Bureaucracy has a direct impact on how well providers can do their jobs: every pound spent on unnecessary bureaucracy is a pound that is not being spent on teaching and research.

I am therefore pleased to confirm that the Office for Students has already:

reduced its enhanced monitoring by over 75%, removing 376 individual information or reporting requirements;

removed its requirement for detailed monitoring returns on Access and Participation Plans in 2022

streamlined its communications with HE providers and provided a direct contact for every registered provider.

In addition, I recently set up the HE data reduction taskforce, to bring together attendees from providers, arm’s-length bodies and other data experts across the HE sector to identify where we are putting overlapping data requirements on providers and where they could be reduced. The taskforce provides a real opportunity for all parties involved in data in the HE sector to discuss challenges and opportunities and, most importantly, to agree tangible actions.

Institutional bureaucracy

There is, however, more that providers themselves could do to remove internal bureaucracy which is not needed to comply with regulatory requirements.

I therefore want to use this statement to encourage HE providers strongly to look at ways that they could reduce this gold-plating.
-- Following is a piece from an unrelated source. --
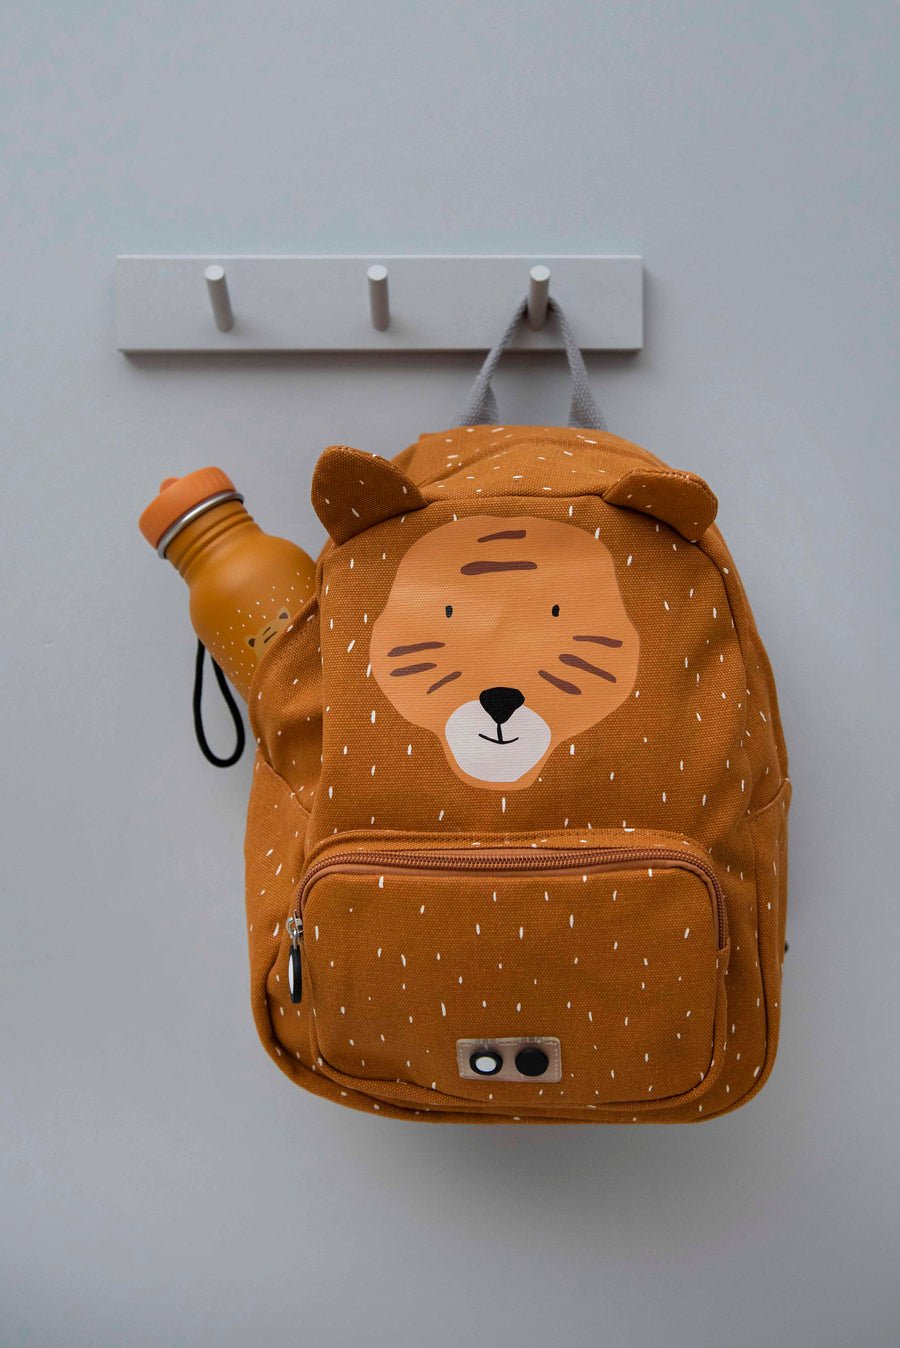 Backpack - Mr. Tiger

This should include:

Reviewing their own schemes of delegation to ensure that they are fit for purpose, and that regulatory decisions and activity are clearly delegated to the right level in the provider. Not every decision needs to go to the Board of Governors, or through multiple layers of governance.

Ensuring that they remain focused on the content of the decisions they are making and the reasons for the decision, rather than ensuring that it goes to multiple committees.
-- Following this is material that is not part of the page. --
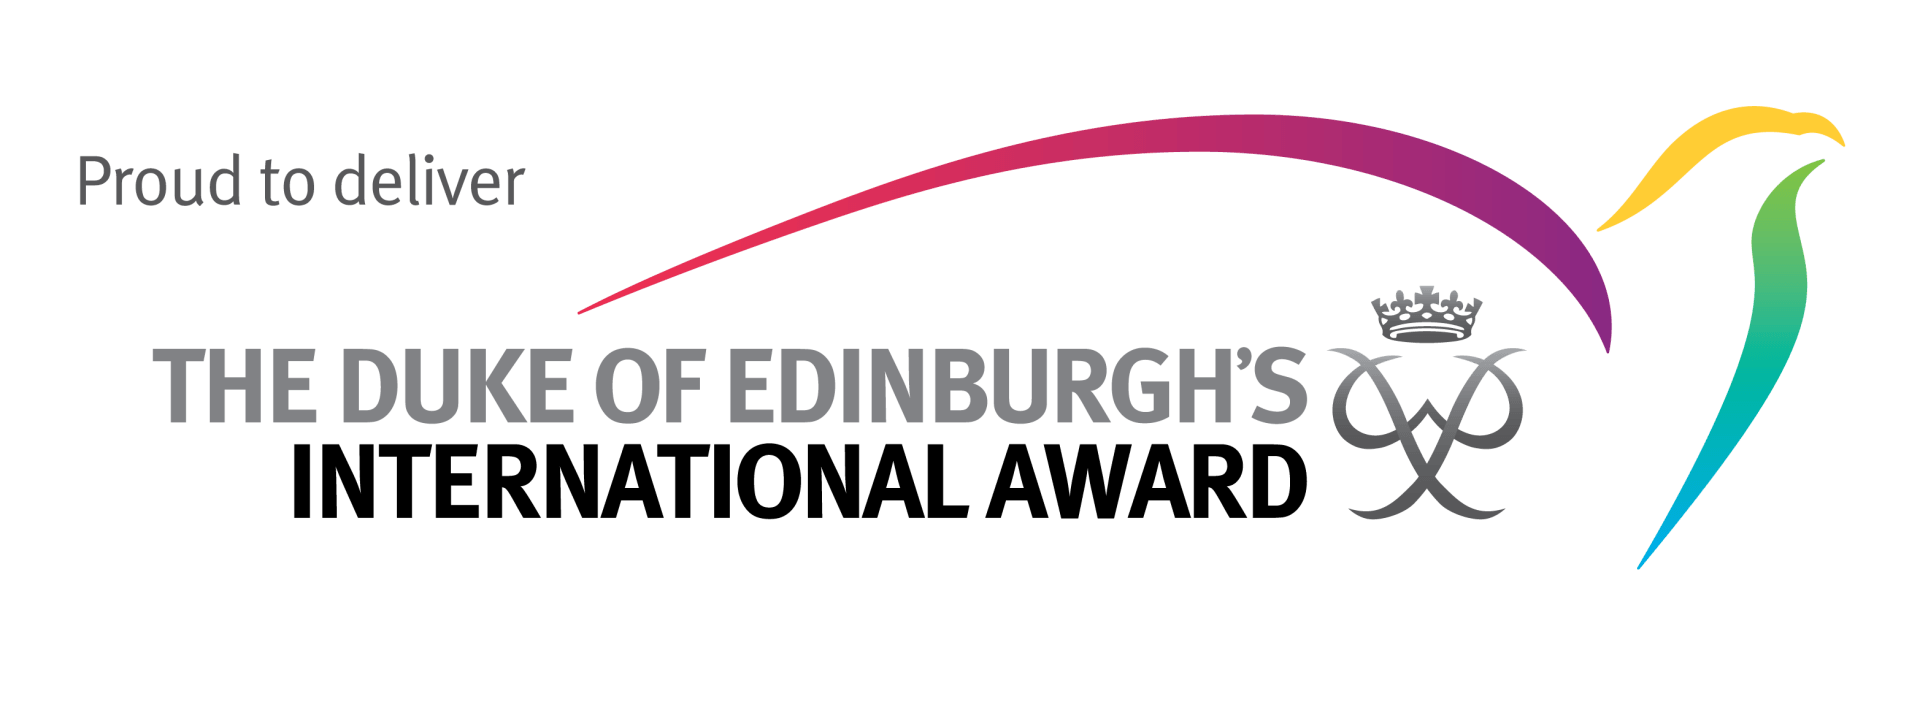 The Duke of Edinburgh's International Award logo

Carefully considering which processes, committees, activities and external subscriptions genuinely add value for students and which could be dispensed with, to free up academic time for teaching and research.

Unnecessary bureaucracy can take up time that could be spent focusing on the academic experience or quality of teaching which a student receives. This Government and the OfS will continue to focus on this, but providers also need to look internally to do the same.